Data in this exercise START

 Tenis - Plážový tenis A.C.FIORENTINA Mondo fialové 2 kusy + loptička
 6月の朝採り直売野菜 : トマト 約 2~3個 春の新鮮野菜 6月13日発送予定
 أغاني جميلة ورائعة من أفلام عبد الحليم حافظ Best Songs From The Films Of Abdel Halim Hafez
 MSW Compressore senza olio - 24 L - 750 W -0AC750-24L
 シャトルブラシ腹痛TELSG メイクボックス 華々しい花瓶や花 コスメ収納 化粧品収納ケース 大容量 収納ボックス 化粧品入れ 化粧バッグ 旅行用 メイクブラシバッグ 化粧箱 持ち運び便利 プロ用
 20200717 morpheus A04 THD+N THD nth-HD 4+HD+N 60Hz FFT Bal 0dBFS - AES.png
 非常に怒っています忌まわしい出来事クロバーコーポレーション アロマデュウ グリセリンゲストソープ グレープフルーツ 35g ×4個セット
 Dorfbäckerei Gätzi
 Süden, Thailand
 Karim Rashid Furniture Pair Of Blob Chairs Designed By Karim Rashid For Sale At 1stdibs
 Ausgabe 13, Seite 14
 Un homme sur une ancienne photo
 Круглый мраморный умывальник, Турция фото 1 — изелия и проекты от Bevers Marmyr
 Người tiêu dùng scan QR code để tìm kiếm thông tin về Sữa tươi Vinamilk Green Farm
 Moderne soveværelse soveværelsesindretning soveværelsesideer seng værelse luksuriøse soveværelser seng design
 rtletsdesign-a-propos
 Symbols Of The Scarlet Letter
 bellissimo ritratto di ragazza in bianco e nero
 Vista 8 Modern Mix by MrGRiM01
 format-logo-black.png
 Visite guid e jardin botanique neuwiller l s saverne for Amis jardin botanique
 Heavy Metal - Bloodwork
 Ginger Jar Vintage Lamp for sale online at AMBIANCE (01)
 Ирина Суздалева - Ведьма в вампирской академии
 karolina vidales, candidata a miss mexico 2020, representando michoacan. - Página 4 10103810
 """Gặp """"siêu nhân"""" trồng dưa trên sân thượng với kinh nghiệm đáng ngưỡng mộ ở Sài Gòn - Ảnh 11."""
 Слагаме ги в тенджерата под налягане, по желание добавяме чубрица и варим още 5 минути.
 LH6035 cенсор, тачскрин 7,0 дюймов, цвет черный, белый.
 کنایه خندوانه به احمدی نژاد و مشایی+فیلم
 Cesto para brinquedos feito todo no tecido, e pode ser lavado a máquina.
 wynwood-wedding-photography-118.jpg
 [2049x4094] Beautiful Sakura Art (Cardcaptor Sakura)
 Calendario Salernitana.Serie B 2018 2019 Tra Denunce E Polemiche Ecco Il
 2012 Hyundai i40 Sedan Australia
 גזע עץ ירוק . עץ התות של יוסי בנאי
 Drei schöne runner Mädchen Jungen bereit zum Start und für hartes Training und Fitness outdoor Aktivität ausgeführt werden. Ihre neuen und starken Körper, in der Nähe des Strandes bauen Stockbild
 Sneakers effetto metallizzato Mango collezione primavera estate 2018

Data in this exercise END

> _Work to be completed_
Look above and repeat, character for character, the lines from the first one to the line with "MSW Compressore senza", counting both.

> _Written answer_
 Tenis - Plážový tenis A.C.FIORENTINA Mondo fialové 2 kusy + loptička
 6月の朝採り直売野菜 : トマト 約 2~3個 春の新鮮野菜 6月13日発送予定
 أغاني جميلة ورائعة من أفلام عبد الحليم حافظ Best Songs From The Films Of Abdel Halim Hafez
 MSW Compressore senza olio - 24 L - 750 W -0AC750-24L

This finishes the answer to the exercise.